Word for word, restate the lines of the material below from its first line through the one containing "Royalty free image". Omit the rest.

____________

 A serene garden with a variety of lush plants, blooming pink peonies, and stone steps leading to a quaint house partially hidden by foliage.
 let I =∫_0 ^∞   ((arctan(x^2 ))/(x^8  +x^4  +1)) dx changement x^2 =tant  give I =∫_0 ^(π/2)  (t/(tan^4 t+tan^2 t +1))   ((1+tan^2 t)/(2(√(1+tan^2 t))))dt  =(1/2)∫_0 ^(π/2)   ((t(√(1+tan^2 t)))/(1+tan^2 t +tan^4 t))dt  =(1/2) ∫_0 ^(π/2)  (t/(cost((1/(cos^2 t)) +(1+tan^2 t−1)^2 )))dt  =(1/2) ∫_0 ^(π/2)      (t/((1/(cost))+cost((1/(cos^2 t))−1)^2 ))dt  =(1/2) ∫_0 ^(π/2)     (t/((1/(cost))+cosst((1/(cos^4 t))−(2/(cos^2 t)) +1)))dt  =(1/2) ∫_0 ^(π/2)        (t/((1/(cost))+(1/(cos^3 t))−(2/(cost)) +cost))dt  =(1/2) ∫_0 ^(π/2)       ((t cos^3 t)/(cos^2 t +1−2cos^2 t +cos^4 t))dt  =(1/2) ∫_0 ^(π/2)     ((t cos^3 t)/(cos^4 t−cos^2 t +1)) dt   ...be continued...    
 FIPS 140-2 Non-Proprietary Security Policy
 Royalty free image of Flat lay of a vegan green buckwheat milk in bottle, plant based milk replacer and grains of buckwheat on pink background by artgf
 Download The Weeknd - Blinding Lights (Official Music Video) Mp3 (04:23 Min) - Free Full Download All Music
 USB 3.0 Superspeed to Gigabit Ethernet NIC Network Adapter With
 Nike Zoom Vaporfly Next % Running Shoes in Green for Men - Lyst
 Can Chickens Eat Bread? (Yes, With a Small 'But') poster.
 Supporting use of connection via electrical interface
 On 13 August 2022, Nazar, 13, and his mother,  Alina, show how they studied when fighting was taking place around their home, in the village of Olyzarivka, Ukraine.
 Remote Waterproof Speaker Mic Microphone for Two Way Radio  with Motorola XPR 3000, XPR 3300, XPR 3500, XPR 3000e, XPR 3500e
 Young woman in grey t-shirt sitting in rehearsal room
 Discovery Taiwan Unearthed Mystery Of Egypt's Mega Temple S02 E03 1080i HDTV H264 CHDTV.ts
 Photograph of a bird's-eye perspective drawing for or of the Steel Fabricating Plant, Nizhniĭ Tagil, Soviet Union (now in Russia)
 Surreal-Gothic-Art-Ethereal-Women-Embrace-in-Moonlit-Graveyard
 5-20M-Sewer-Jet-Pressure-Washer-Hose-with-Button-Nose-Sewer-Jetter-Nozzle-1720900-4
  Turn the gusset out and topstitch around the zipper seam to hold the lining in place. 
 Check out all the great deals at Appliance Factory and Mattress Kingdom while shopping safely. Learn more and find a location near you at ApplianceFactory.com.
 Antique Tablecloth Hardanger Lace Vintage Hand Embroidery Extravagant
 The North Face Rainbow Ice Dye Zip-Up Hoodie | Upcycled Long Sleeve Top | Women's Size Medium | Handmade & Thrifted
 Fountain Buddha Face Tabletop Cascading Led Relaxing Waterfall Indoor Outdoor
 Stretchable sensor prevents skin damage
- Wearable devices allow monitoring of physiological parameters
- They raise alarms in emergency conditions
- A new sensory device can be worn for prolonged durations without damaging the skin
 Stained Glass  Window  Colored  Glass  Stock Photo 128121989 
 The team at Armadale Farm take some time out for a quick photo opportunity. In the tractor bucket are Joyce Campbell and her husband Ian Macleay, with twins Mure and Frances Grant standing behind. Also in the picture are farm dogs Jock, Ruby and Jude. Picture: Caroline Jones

____________

#### Response to this exercise:
 A serene garden with a variety of lush plants, blooming pink peonies, and stone steps leading to a quaint house partially hidden by foliage.
 let I =∫_0 ^∞   ((arctan(x^2 ))/(x^8  +x^4  +1)) dx changement x^2 =tant  give I =∫_0 ^(π/2)  (t/(tan^4 t+tan^2 t +1))   ((1+tan^2 t)/(2(√(1+tan^2 t))))dt  =(1/2)∫_0 ^(π/2)   ((t(√(1+tan^2 t)))/(1+tan^2 t +tan^4 t))dt  =(1/2) ∫_0 ^(π/2)  (t/(cost((1/(cos^2 t)) +(1+tan^2 t−1)^2 )))dt  =(1/2) ∫_0 ^(π/2)      (t/((1/(cost))+cost((1/(cos^2 t))−1)^2 ))dt  =(1/2) ∫_0 ^(π/2)     (t/((1/(cost))+cosst((1/(cos^4 t))−(2/(cos^2 t)) +1)))dt  =(1/2) ∫_0 ^(π/2)        (t/((1/(cost))+(1/(cos^3 t))−(2/(cost)) +cost))dt  =(1/2) ∫_0 ^(π/2)       ((t cos^3 t)/(cos^2 t +1−2cos^2 t +cos^4 t))dt  =(1/2) ∫_0 ^(π/2)     ((t cos^3 t)/(cos^4 t−cos^2 t +1)) dt   ...be continued...    
 FIPS 140-2 Non-Proprietary Security Policy
 Royalty free image of Flat lay of a vegan green buckwheat milk in bottle, plant based milk replacer and grains of buckwheat on pink background by artgf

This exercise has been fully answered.